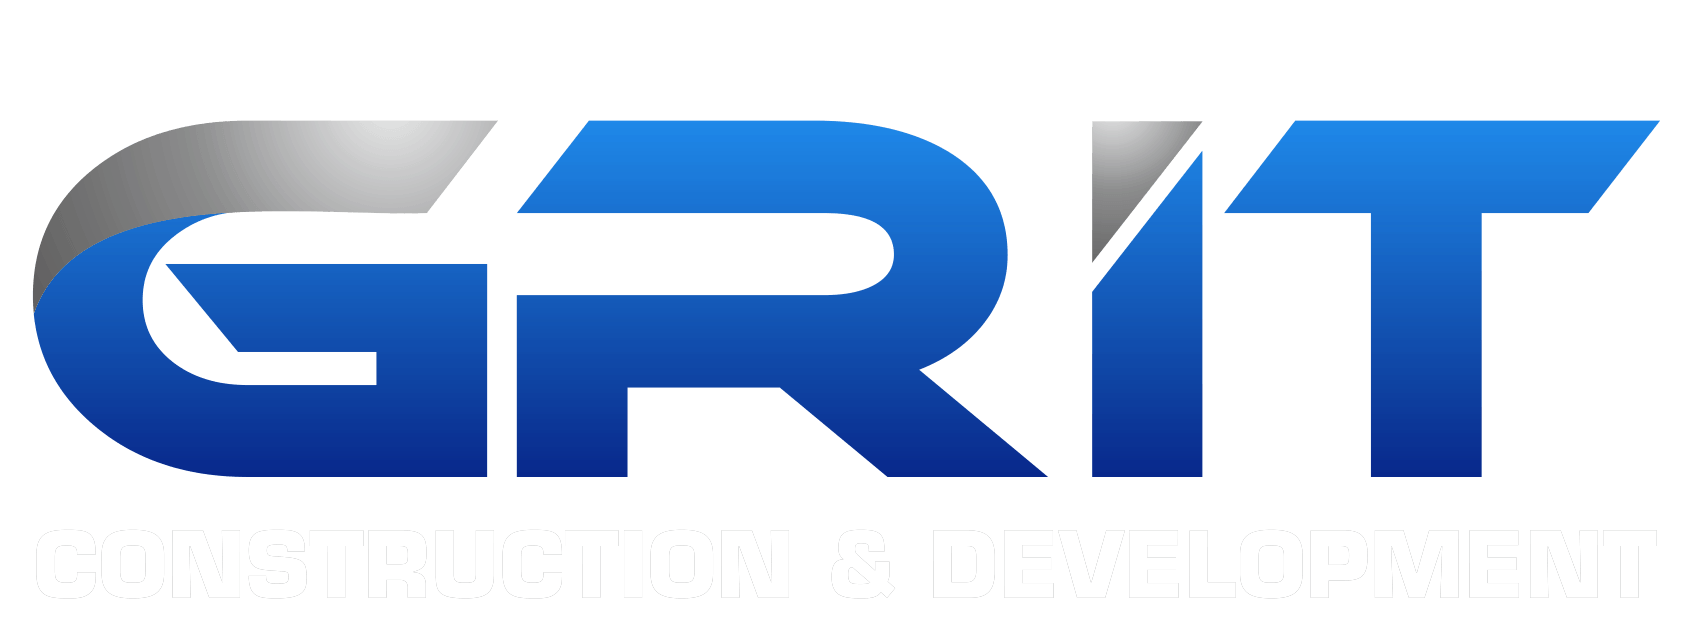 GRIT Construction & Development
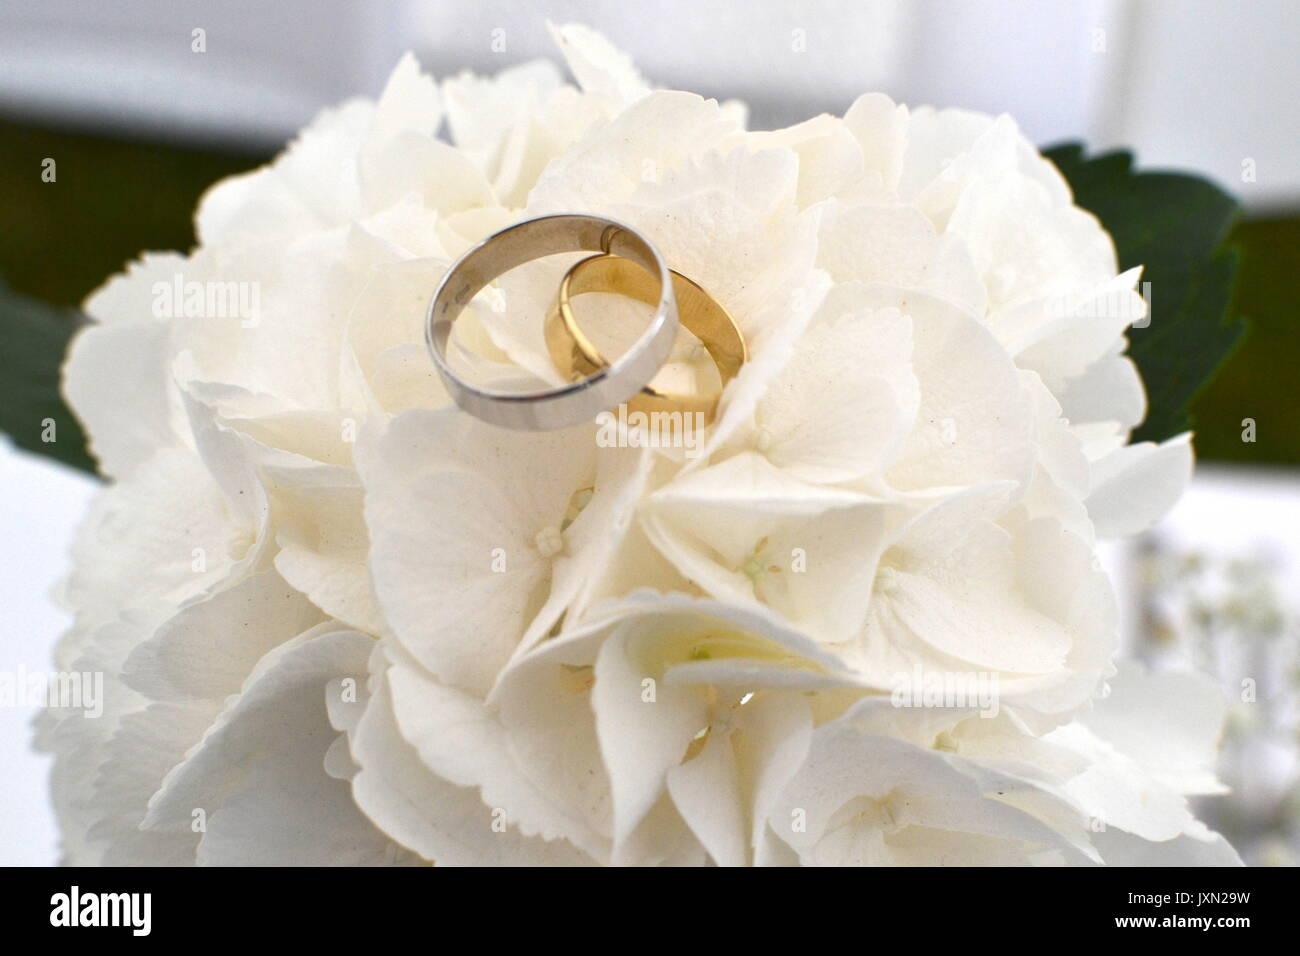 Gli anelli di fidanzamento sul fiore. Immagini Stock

+ + + +

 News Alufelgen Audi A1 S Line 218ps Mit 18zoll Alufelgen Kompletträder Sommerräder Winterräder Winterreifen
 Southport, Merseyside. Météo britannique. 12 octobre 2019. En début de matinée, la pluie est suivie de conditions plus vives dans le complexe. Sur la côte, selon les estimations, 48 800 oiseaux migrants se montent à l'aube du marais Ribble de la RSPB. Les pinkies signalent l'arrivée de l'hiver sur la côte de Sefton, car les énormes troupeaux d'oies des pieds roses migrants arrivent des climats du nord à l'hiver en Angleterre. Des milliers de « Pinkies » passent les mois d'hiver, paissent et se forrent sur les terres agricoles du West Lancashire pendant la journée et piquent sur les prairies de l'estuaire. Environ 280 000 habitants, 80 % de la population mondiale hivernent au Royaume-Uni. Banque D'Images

+ + + +

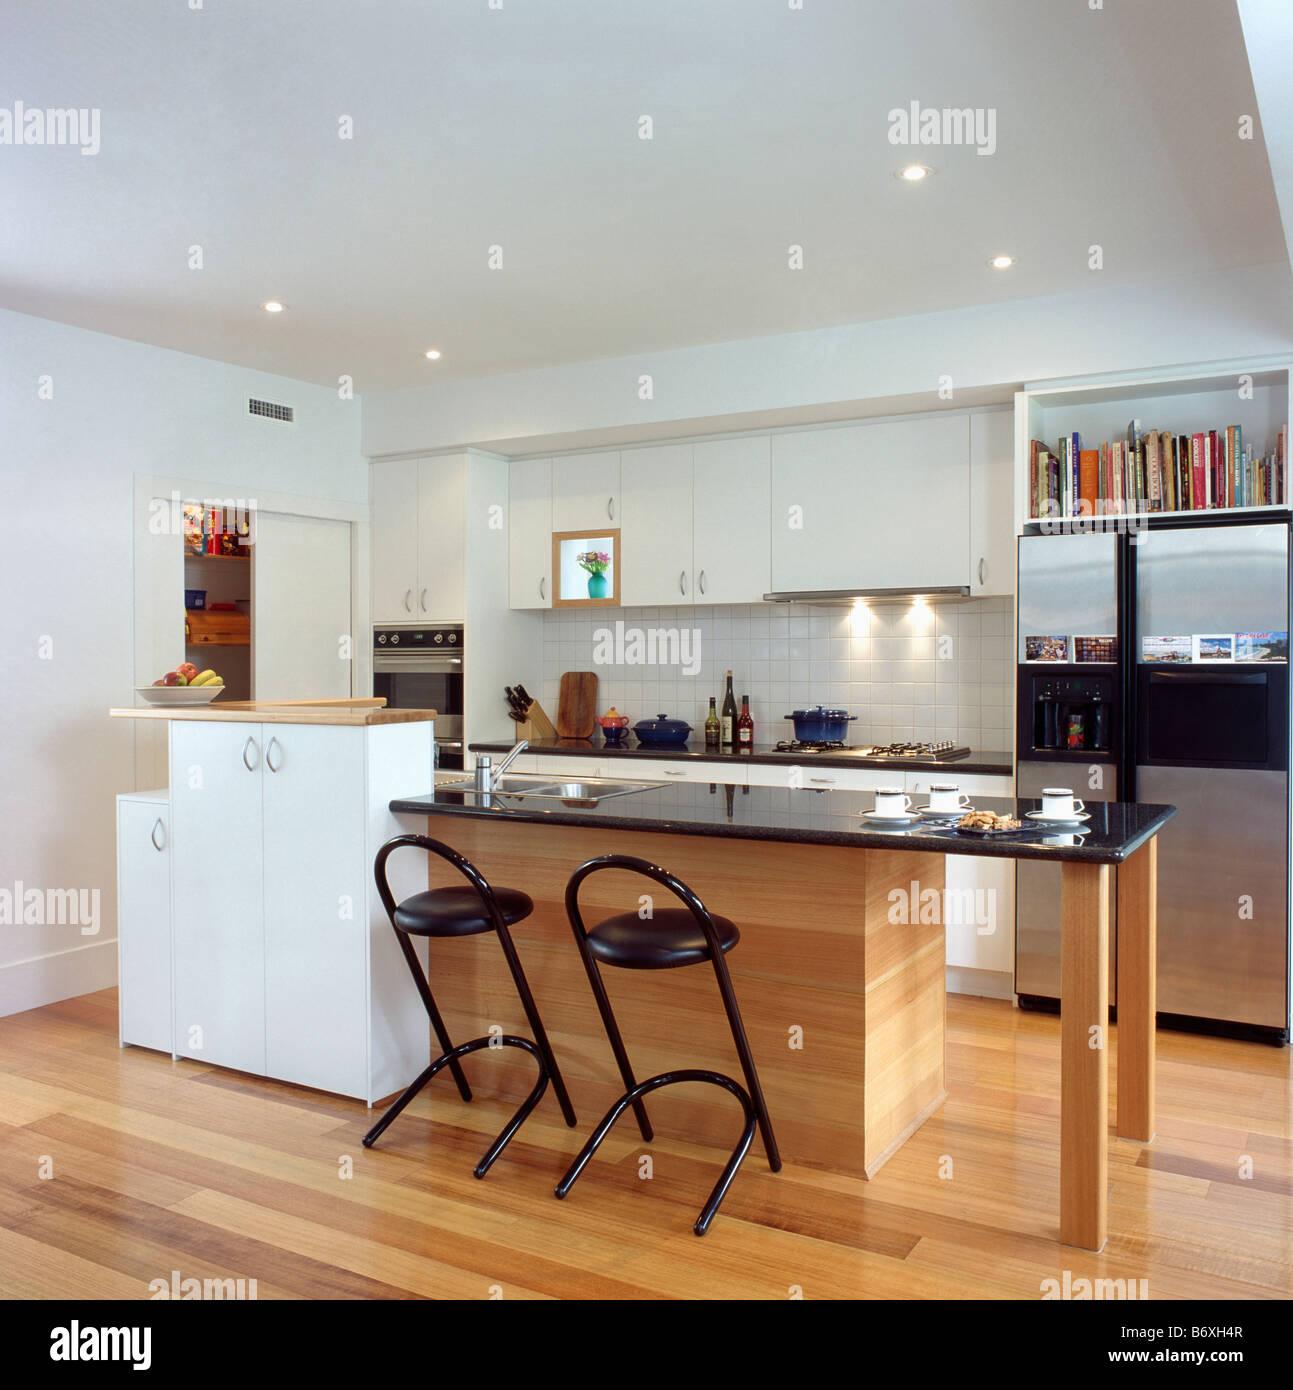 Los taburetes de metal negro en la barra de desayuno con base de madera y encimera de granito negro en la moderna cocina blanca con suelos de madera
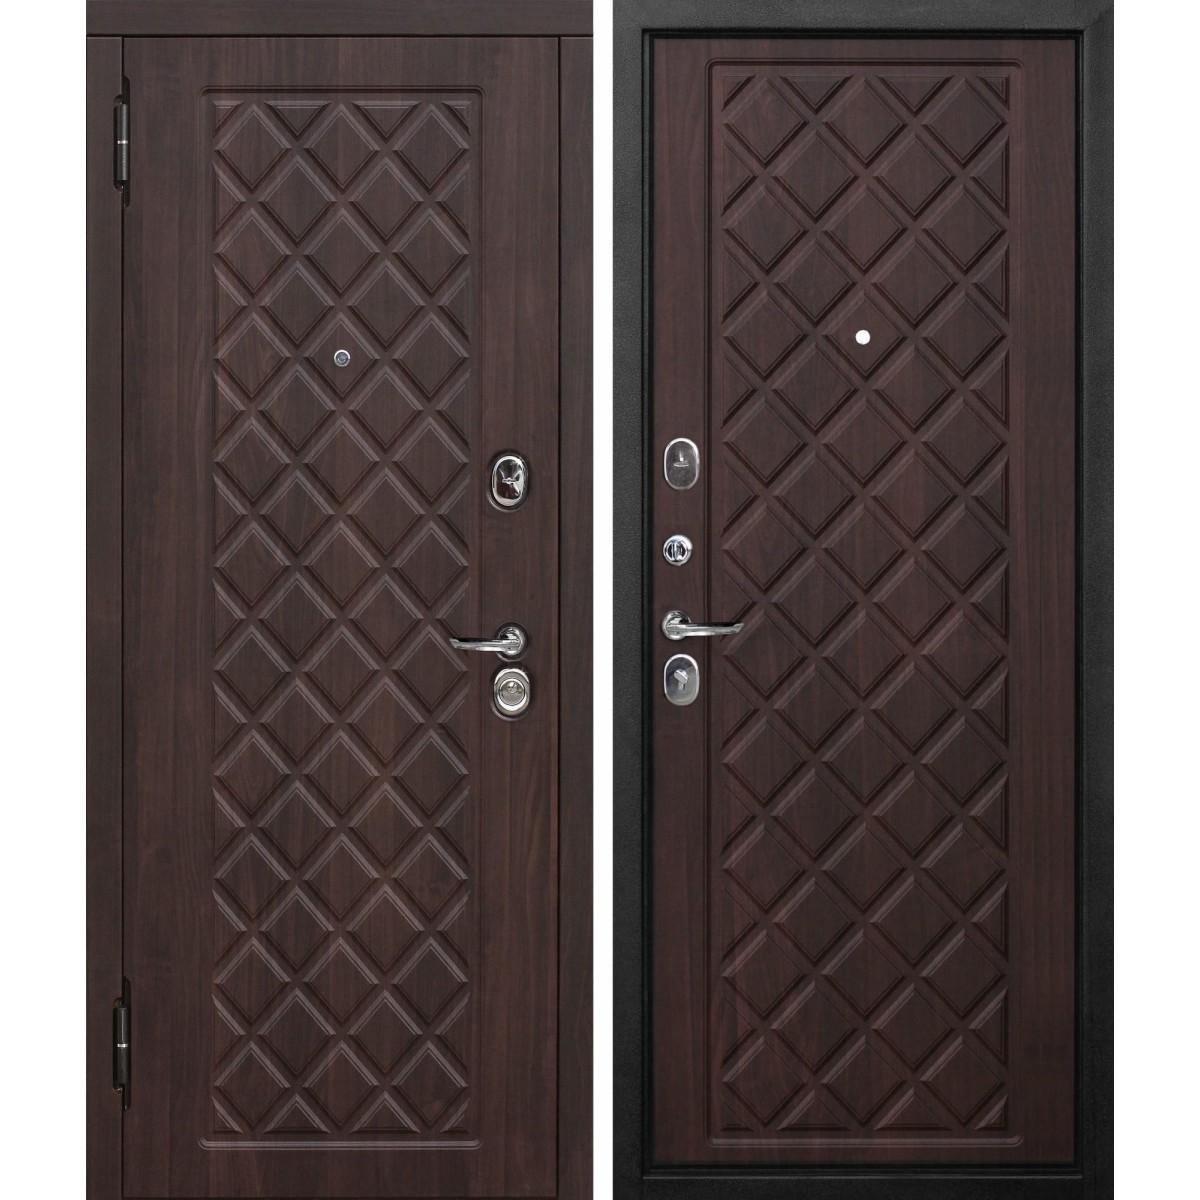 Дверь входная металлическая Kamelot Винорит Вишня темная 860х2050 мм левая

+ + + +

Task: Please set down, exactly and with no pictures, the lines in the entries above starting at the one holding "GRIT Construction & Development" and ending at the one holding "Gli anelli di", ends included.

Final answer:
 GRIT Construction & Development
 Gli anelli di fidanzamento sul fiore. Immagini Stock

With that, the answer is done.